We are seeking a
Principal AI Engineer with
deep, hands-on experience in Large Language Models (LLMs) to lead the design, development, and deployment of
enterprise-grade AI-powered automation systems across the organization.
This role goes beyond experimentation. You will
own and deliver production-scale AI solutions, analyze complex internal workflows, identify high-value automation opportunities, and architect intelligent systems that materially improve efficiency, accuracy, and scalability.
This position is ideal for a
seasoned engineer (10+ years) who combines
strong technical depth, architectural judgment, and a product mindset, and who enjoys building
practical, high-impact AI systems used at scale.
KEY RESPONSIBILITIES:- Lead the design, development, and deployment of LLM-based automation solutions across multiple business functions.
- Work closely with cross-functional teams to define problem statements, data requirements, system boundaries, and solution approaches.
- Architect and implement end-to-end LLM systems, including:
- Prompt pipelines
- Agent-based architectures
- Retrieval-Augmented Generation (RAG) systems
- Internal AI services and APIs
- Integrate commercial and open-source LLMs (e.g., OpenAI, Anthropic, Databricks, open-source models) into enterprise systems and products.
- Drive model evaluation, prompt optimization, and system reliability improvements based on real-world usage.
- Establish and maintain monitoring, logging, and evaluation frameworks for LLM-driven applications.
- Partner with product, operations, security, and engineering teams to map workflows and identify high-ROI automation opportunities.
- Ensure all AI solutions meet enterprise standards for data privacy, security, compliance, and governance.
- Act as a technical mentor and thought leader, setting best practices for LLM engineering and applied AI.
- Stay current with advances in LLMs, agent frameworks, AI infrastructure, and applied research-and translate them into pragmatic solutions.
Basic Qualifications:- Bachelor's degree in AI, Machine Learning, Computer Science, Statistics, or a related field
- A minimum of 8 years of professional experience in software engineering, AI, or machine learning, including a minimum of 3 years of significant hands-on work on LLM-based systems.
- Proven, production experience with Large Language Models, including:
- Prompt engineering and prompt optimization
- Model integration and orchestration
- Evaluation and reliability tuning
- Strong proficiency in Python and modern AI/ML frameworks and libraries (e.g., PyTorch, TensorFlow, LangChain, similar ecosystems).
- Solid background in deep learning and applied machine learning.
- Strong analytical and mathematical foundation relevant to ML systems.
- Experience designing systems that balance performance, scalability, cost, and accuracy.

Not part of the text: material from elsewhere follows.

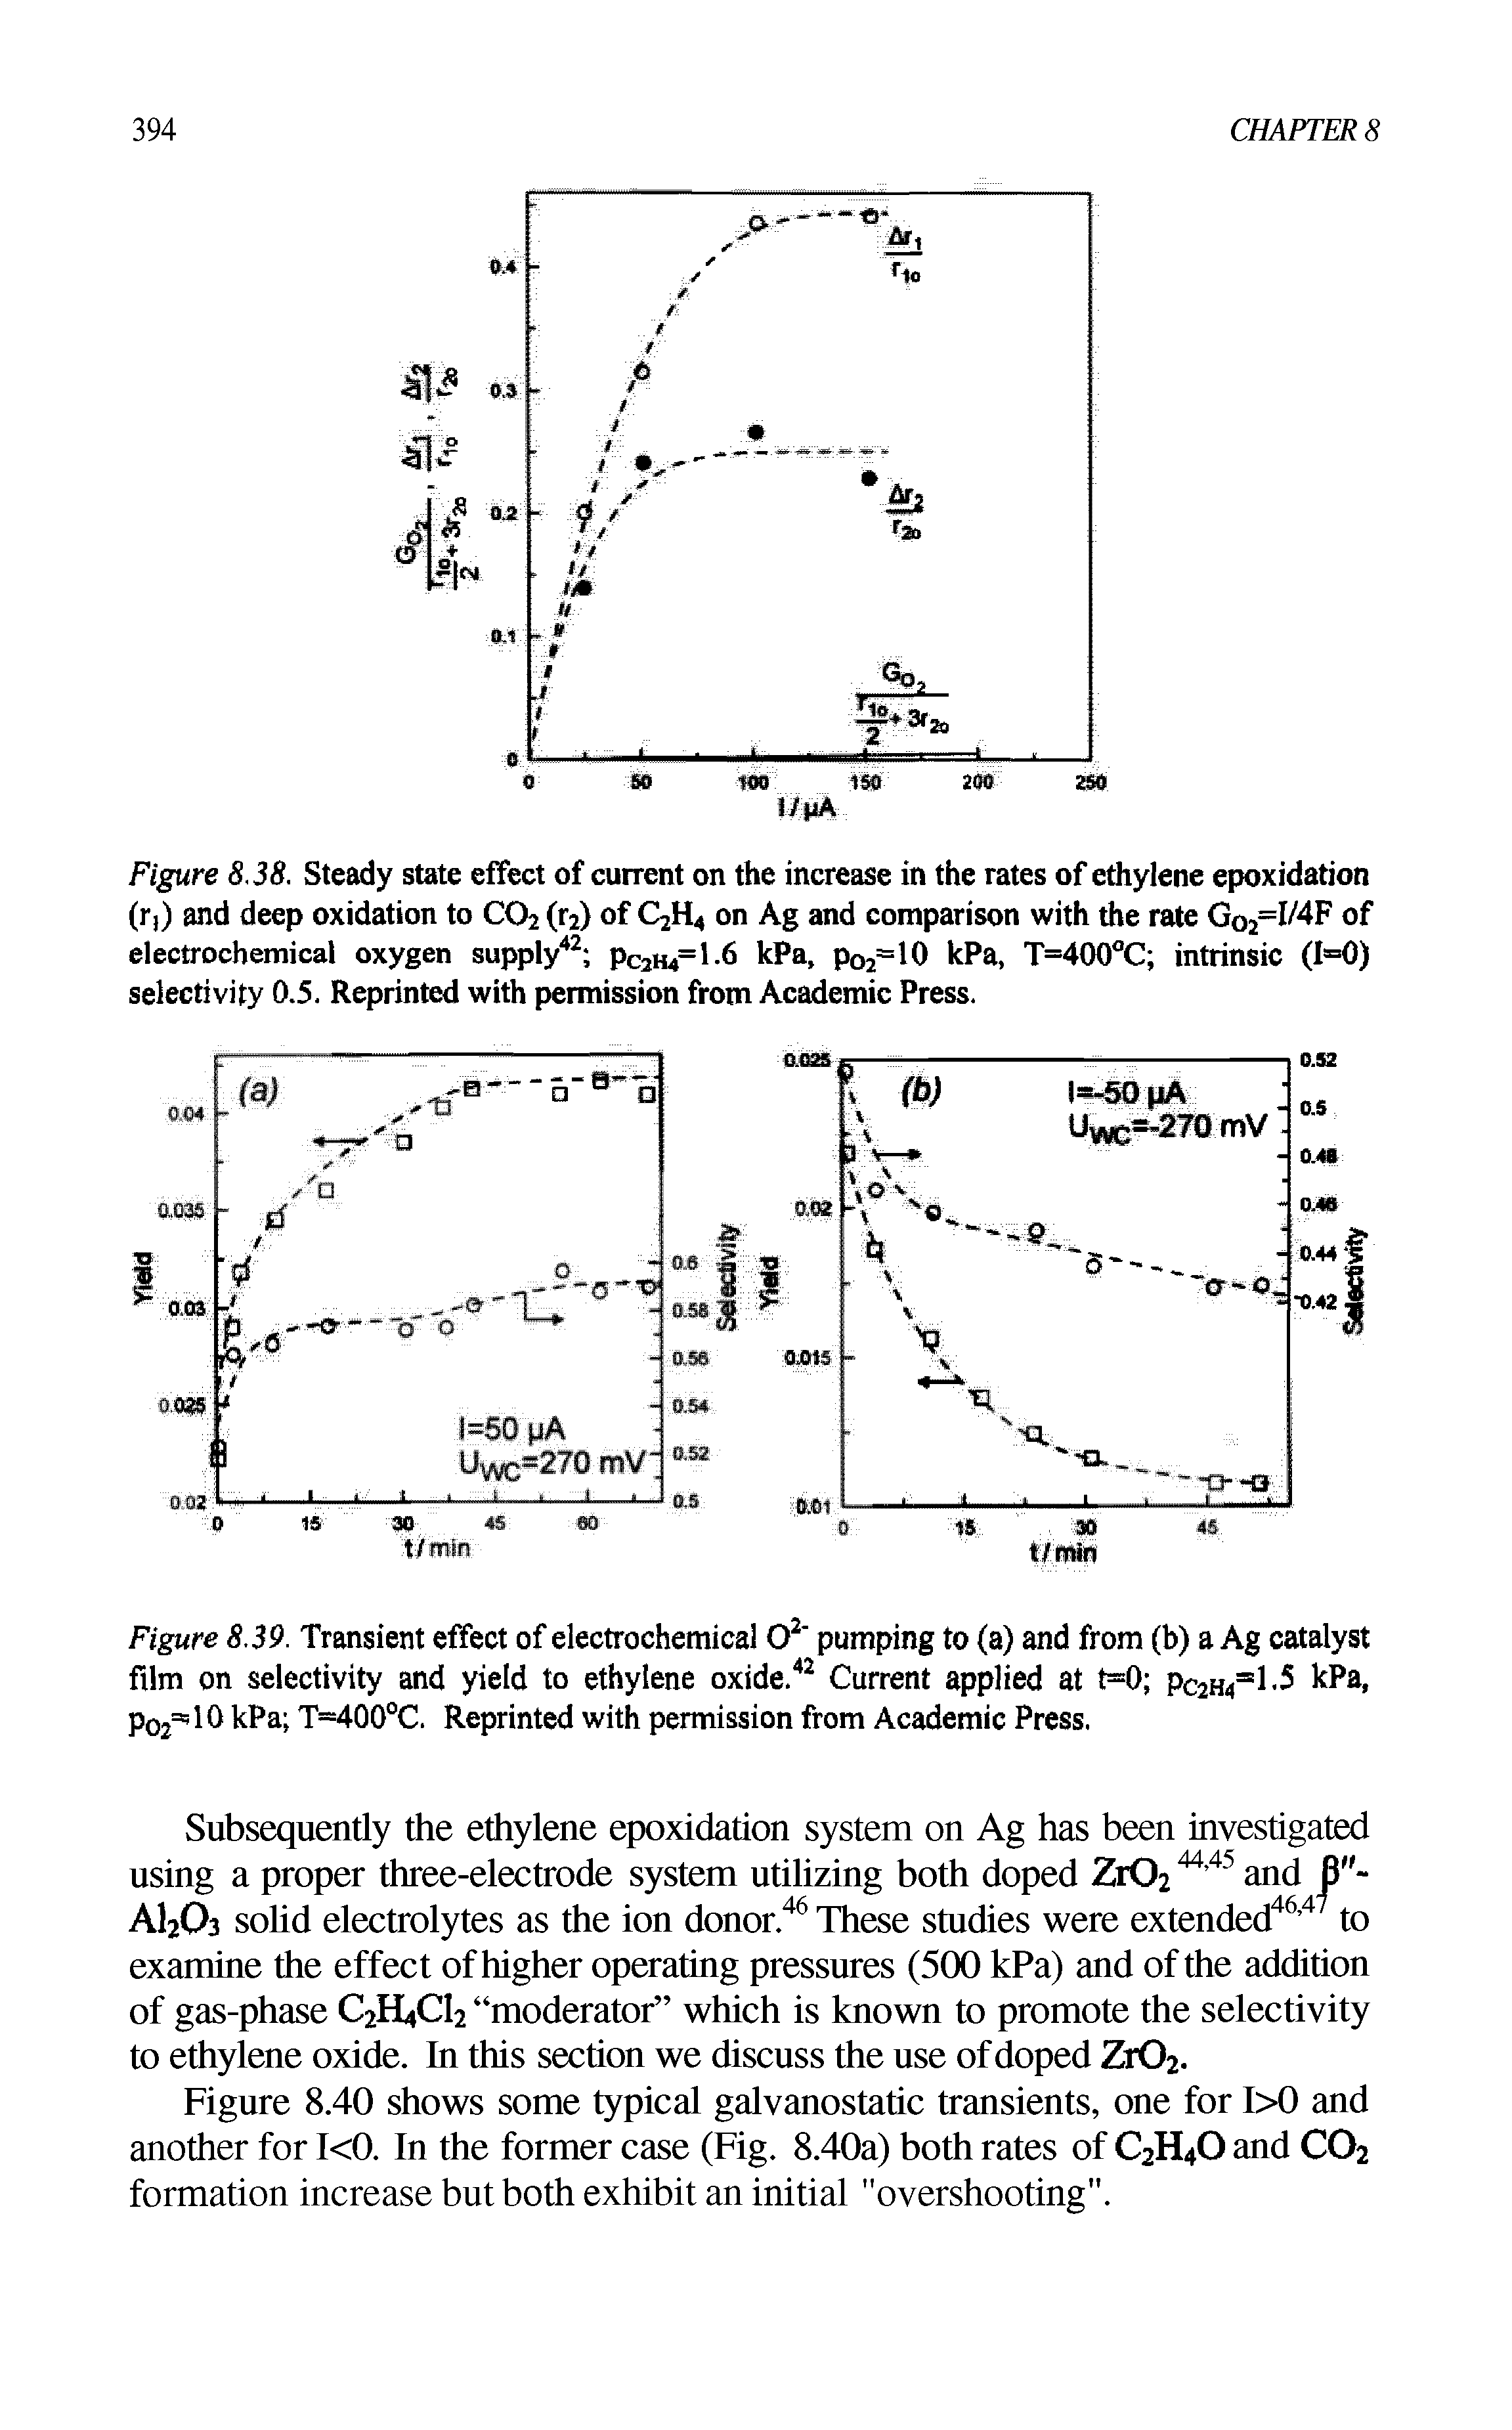 Figure 8.38. Steady state effect of current on the increase in the rates of ethylene epoxidation (rj) and deep oxidation to CO2 (r2) of C2H4 on Ag and comparison with the rate Go2=I/4F of electrochemical oxygen supply42 pC2H4=l-6 kPa, pO2=10 kPa, T=400°C intrinsic (1=0) selectivity 0.5, Reprinted with permission from Academic Press.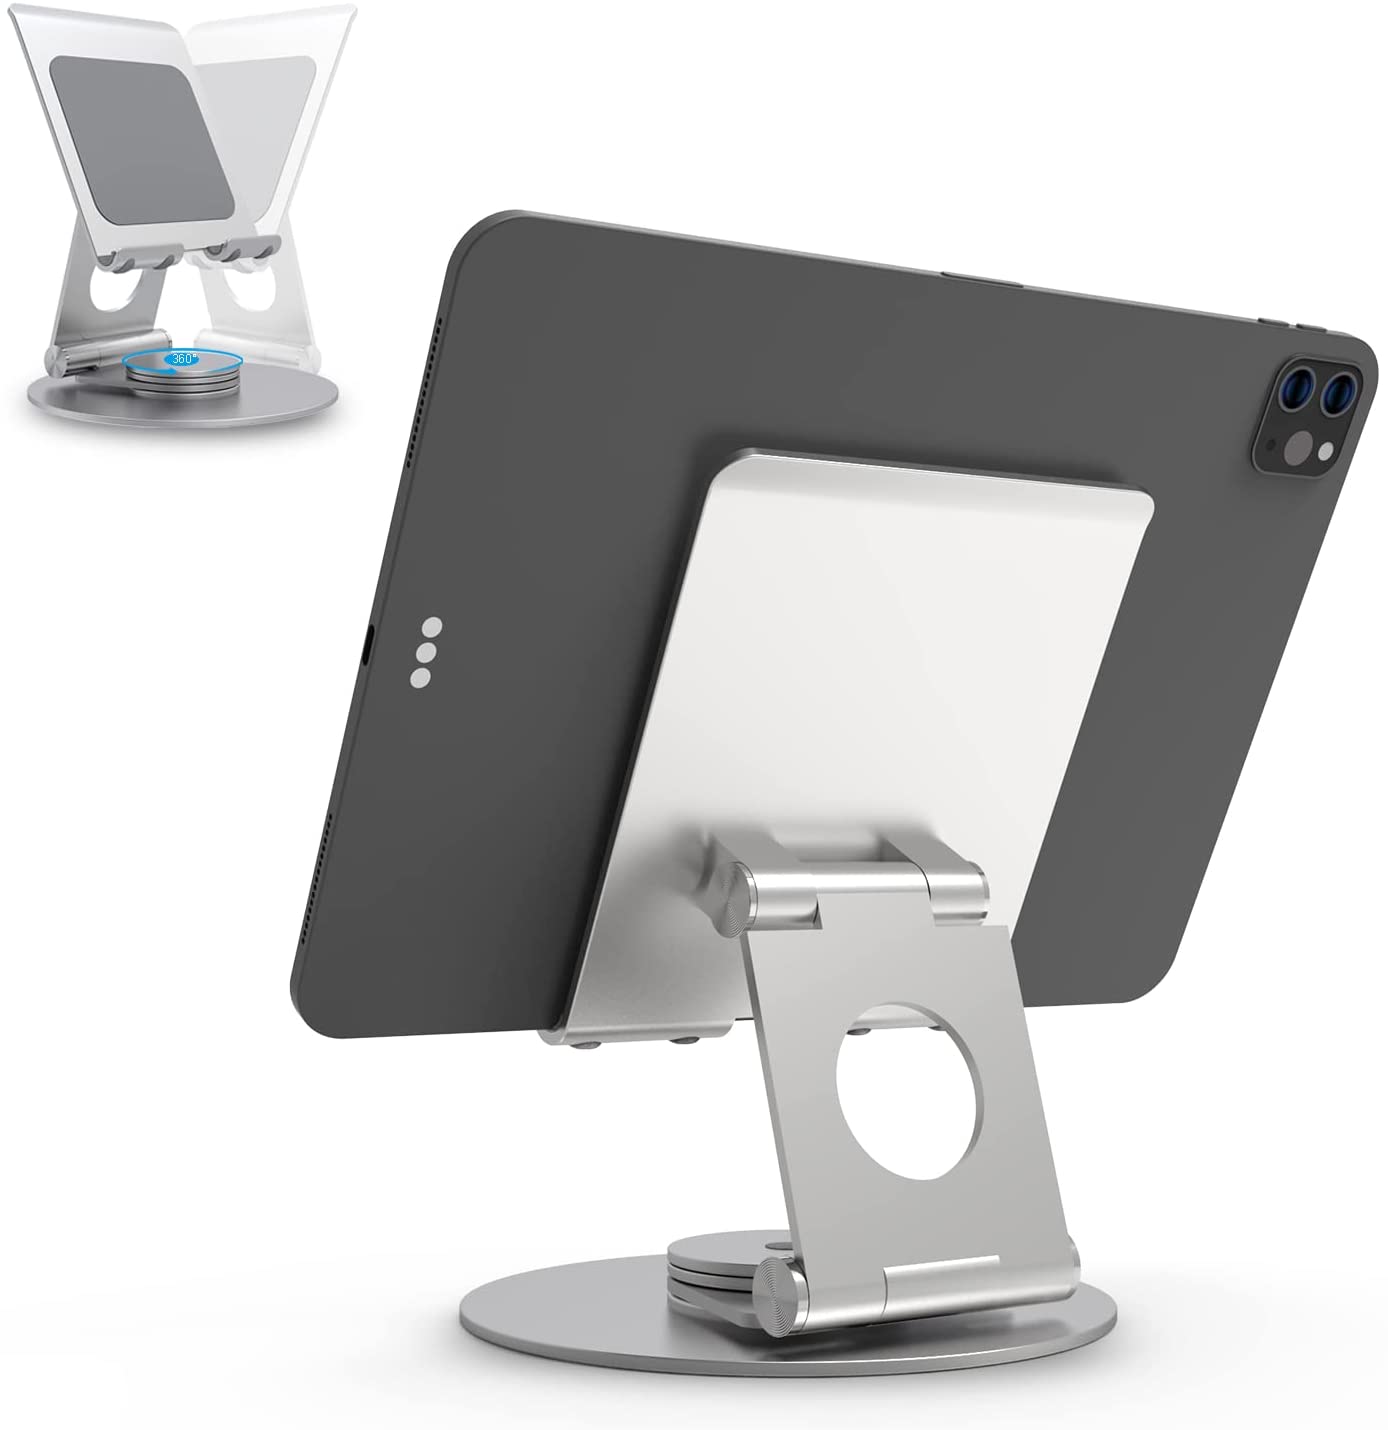 [US Stock] Swivel Tablet Stand,KABCON Aluminum Portable 360°Rotating Tablet iPad Stand Holder

- Ability to communicate complex technical concepts clearly to technical and non-technical stakeholders.
- Strong written and spoken English.
Preferred Qualifications:- Master's degree in AI, Machine Learning, Computer Science, Statistics, or a related field (or equivalent professional experience).
- PhD or additional advanced degree in AI, Machine Learning, Computer Science, Statistics, or related fields.
- Experience building meaningful visualizations and explaining model behavior and results.
- Background in data mining, analytics, or decision-support systems.
- Experience with regression, supervised and unsupervised learning, and applied ML in production contexts.
- Prior experience with automotive, IoT, or large-scale industrial data.
- Contributions to open-source projects or published technical work.
- Experience operating AI systems under enterprise governance, security, and compliance constraints.